MADISON, Wis. -

About 30,000 people in the United States live and will die with Huntington's disease.

Huntington's is what health care providers sometimes referred to as a "slow" disease: It steals motor function, the ability to eat, and eventually, the ability to speak. It's genetic, it has no cure, and there is currently only one FDA-approved treatment.

Not exactly the ingredients for a wonderful celebration. But, don't tell that to the Martin family.

As its name implies, "Re-Prom" fashions itself as a trip back in time, specifically one that allows a chance at a high school prom.

"I can't even tell you what tonight means to me," said Shana Martin, about the event.

It's easy to forgive Shana Martin for not being able to put into words her feelings about Re-Prom.

After all, she has just seen a specially-equipped bus take her mother and father on their first real date since 2005.

Shana's mother, Debby, was diagnosed with Huntington's when Shana was just 5 years old.

"Every day, I came home from school, I had to help her go to the bathroom, eat her dinner," said Shana Martin.

The arrival of Debby is a victory for Shana, who has watched her mother live life on borrowed time for most of her life.

Greeting her parents, Shana could not contain her joy.

"Hi Mommy! Oh my God! You look beautiful, Mommy," said Shana. "Are you sleeping? You've got jewelry on and Daddy pinned this on you, you look beautiful. We're going to have such a fun night tonight," she continued.

As he greets his bride, whose side he has never left, Debby's husband George remembers the last time he heard her speak.

"Over at least 10 years ago, now," said George, adding, "I know she's going to love getting out tonight."

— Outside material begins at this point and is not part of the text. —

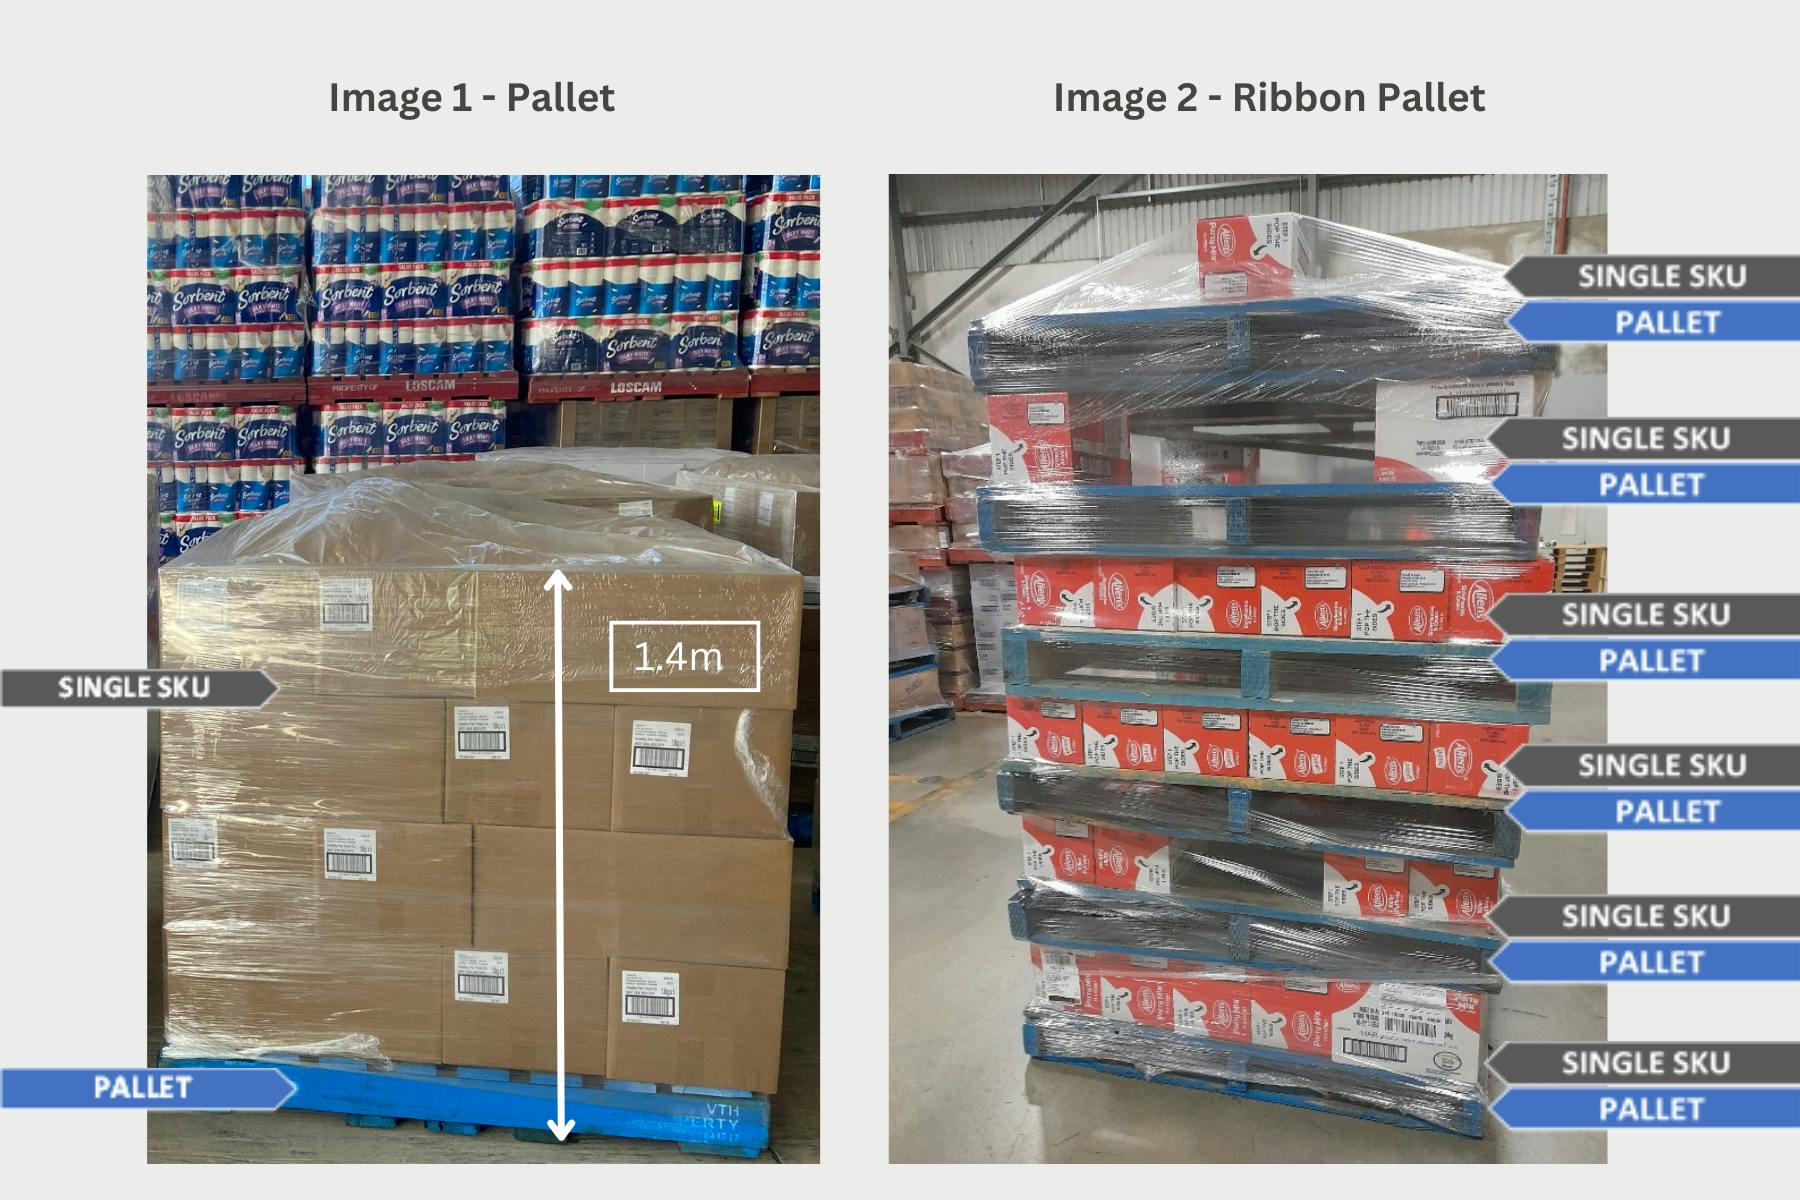 Pallet and Ribbon Pallet

The night was also a chance to remember the past: "At least twice a week I'd come get her after work, and we'd go to the mall and look in the stores," said George, of his earlier days with Debby. "She loved to shop."

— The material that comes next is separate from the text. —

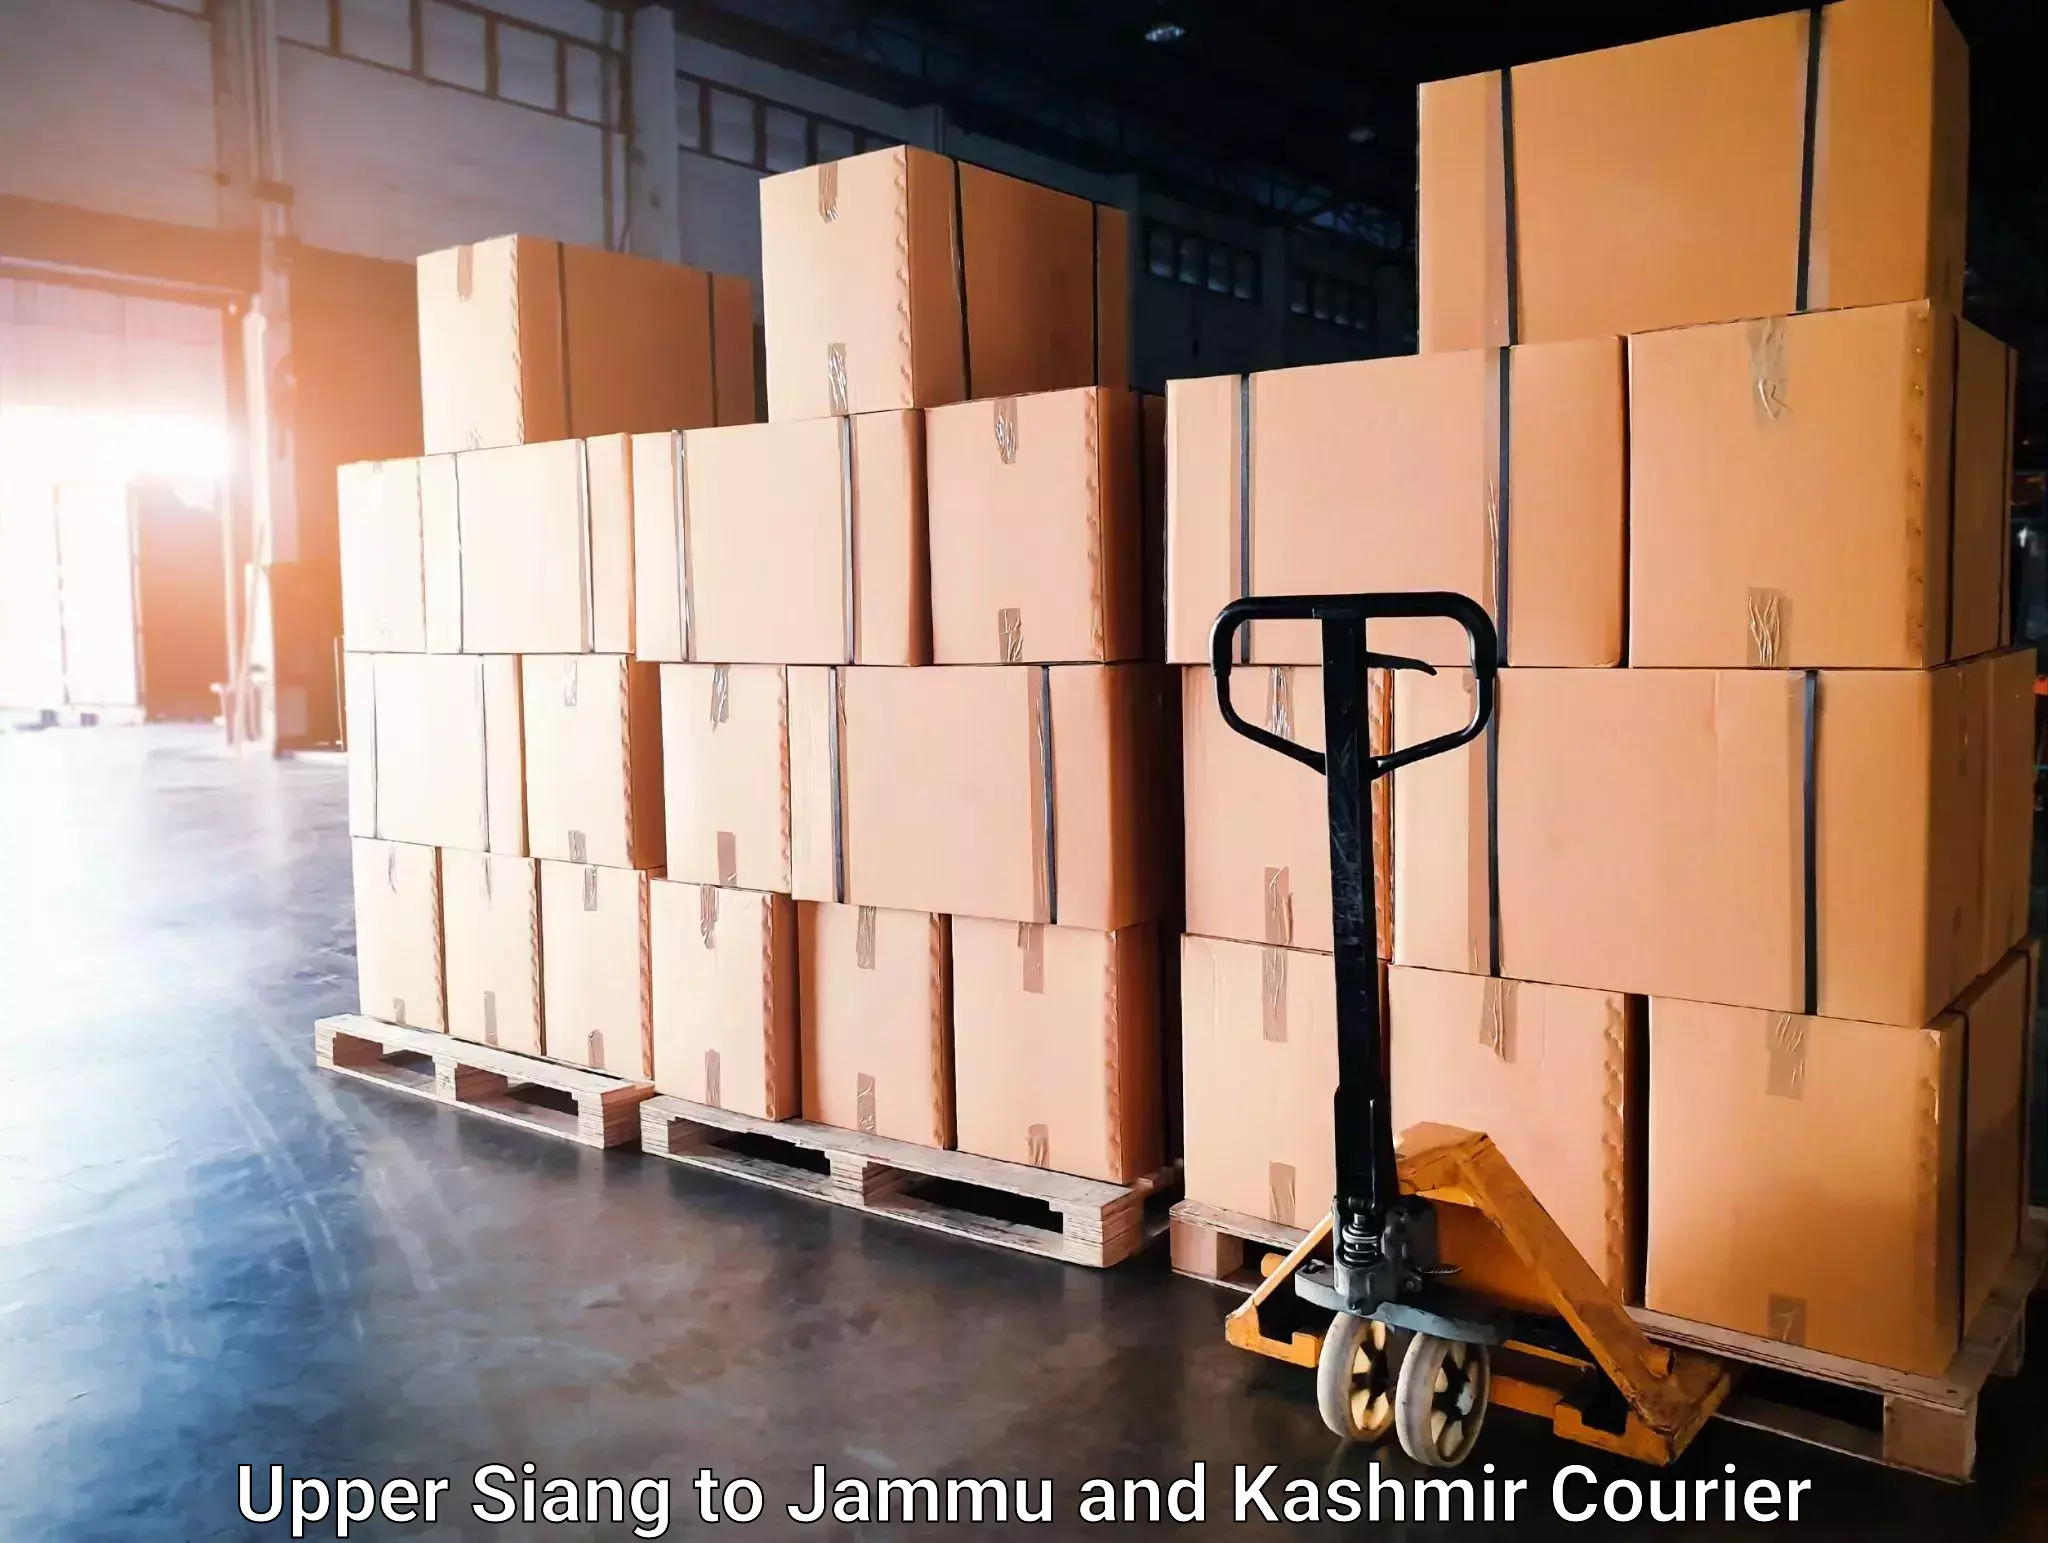 Courier service innovation Upper Siang to Shopian

The night was also a chance to contemplate the future: "I have a 50 percent chance of also having Huntington's Disease," said Shana, adding defiantly, "Just because I have this in my life doesn't mean that should be the reason I should live each day to the fullest. I think every single person should, and tonight's a perfect example of it."

There is a genetic test available for Huntington's, but Shana has chosen not to find out if she has the trait.

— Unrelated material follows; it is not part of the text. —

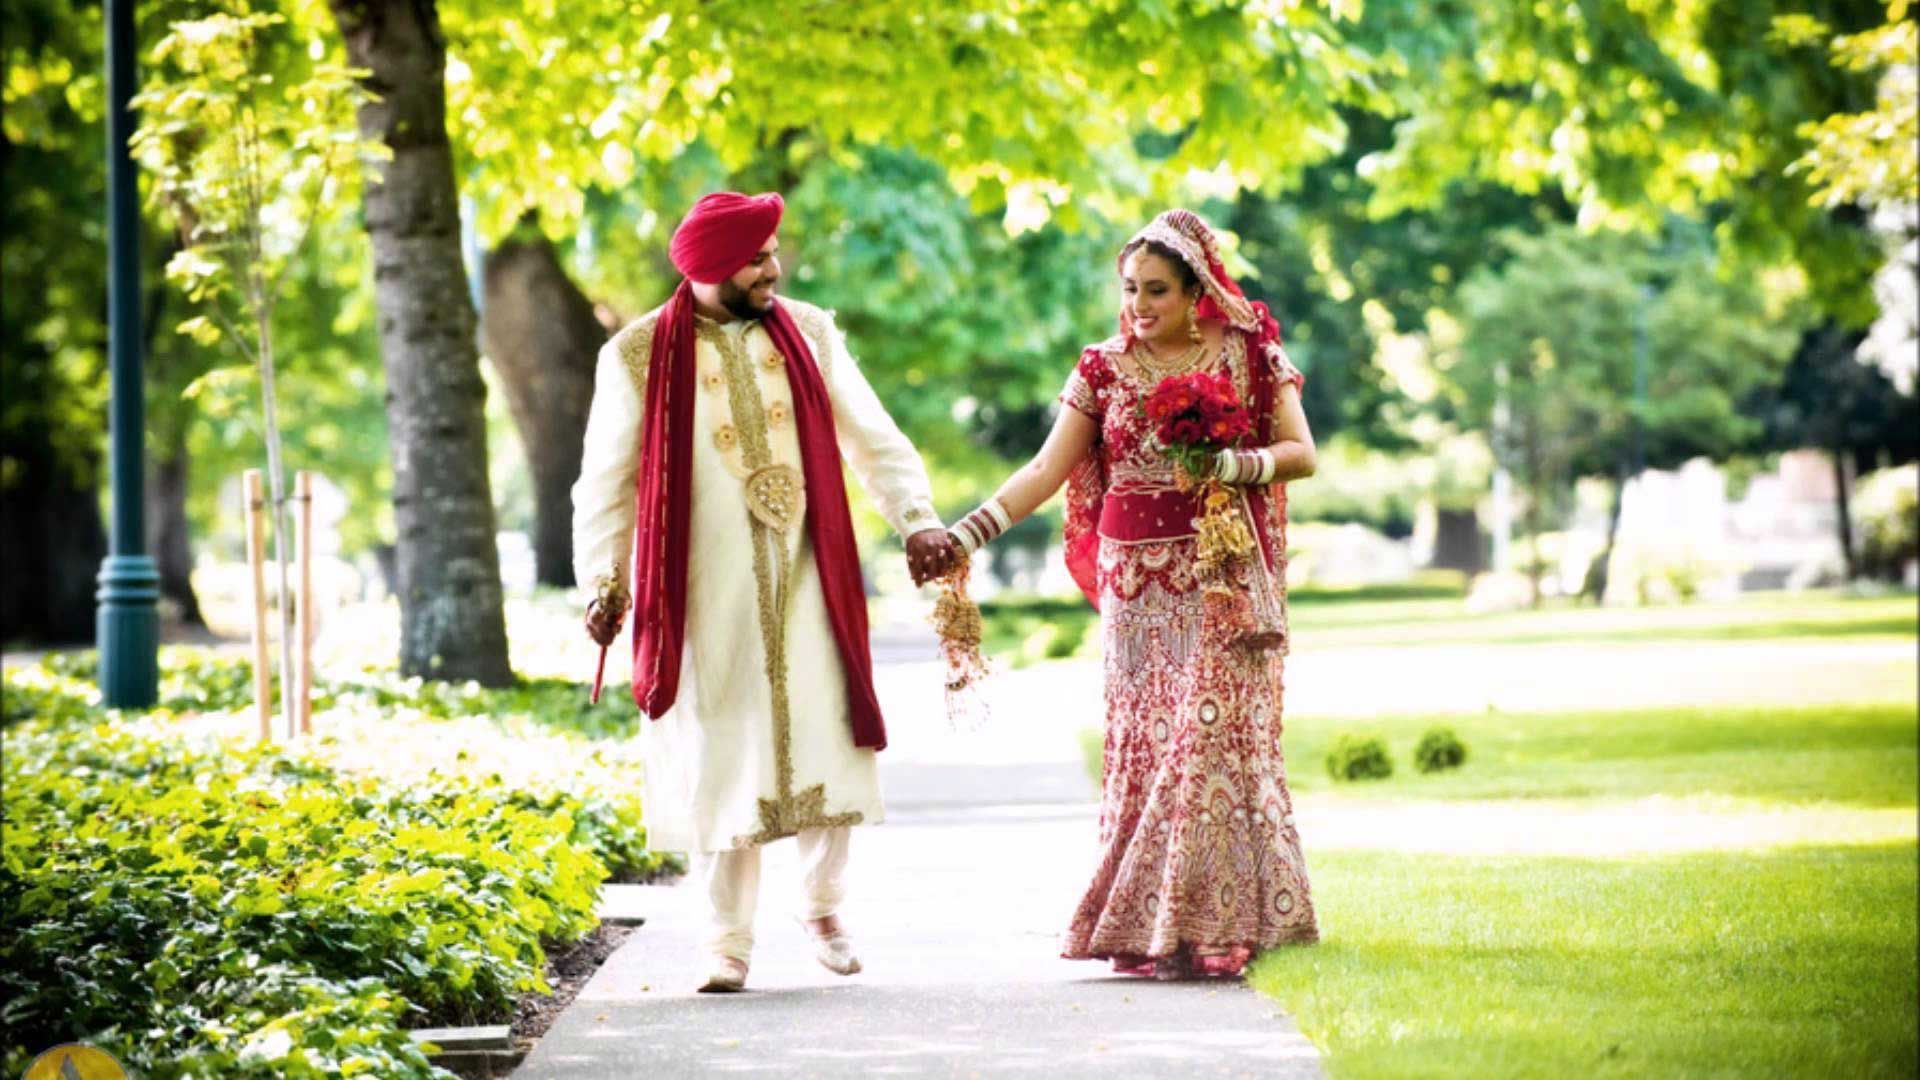 sweet cute punjabi wedding lover love couple picture HD download. Wedding image, Love couple wallpaper, Love couple photo

Shana is familiar to many in the Madison area as she is a popular local trainer and a world champion athlete. ESPN viewers may have seen her living life to the fullest while competing in the Stihl Timber Sports series.

The total from the weekend's fundraiser hasn't been announced yet, but the first of its kind raised roughly $40,000.

But the success of the evening can't be completely measured in dollars.

The hard times that the Martin family has been through and continues to go through are why Re-Prom is about reliving thrilling times, recognizing how quickly life can change, and ignoring what might come next in favor of enjoying what?s happening now.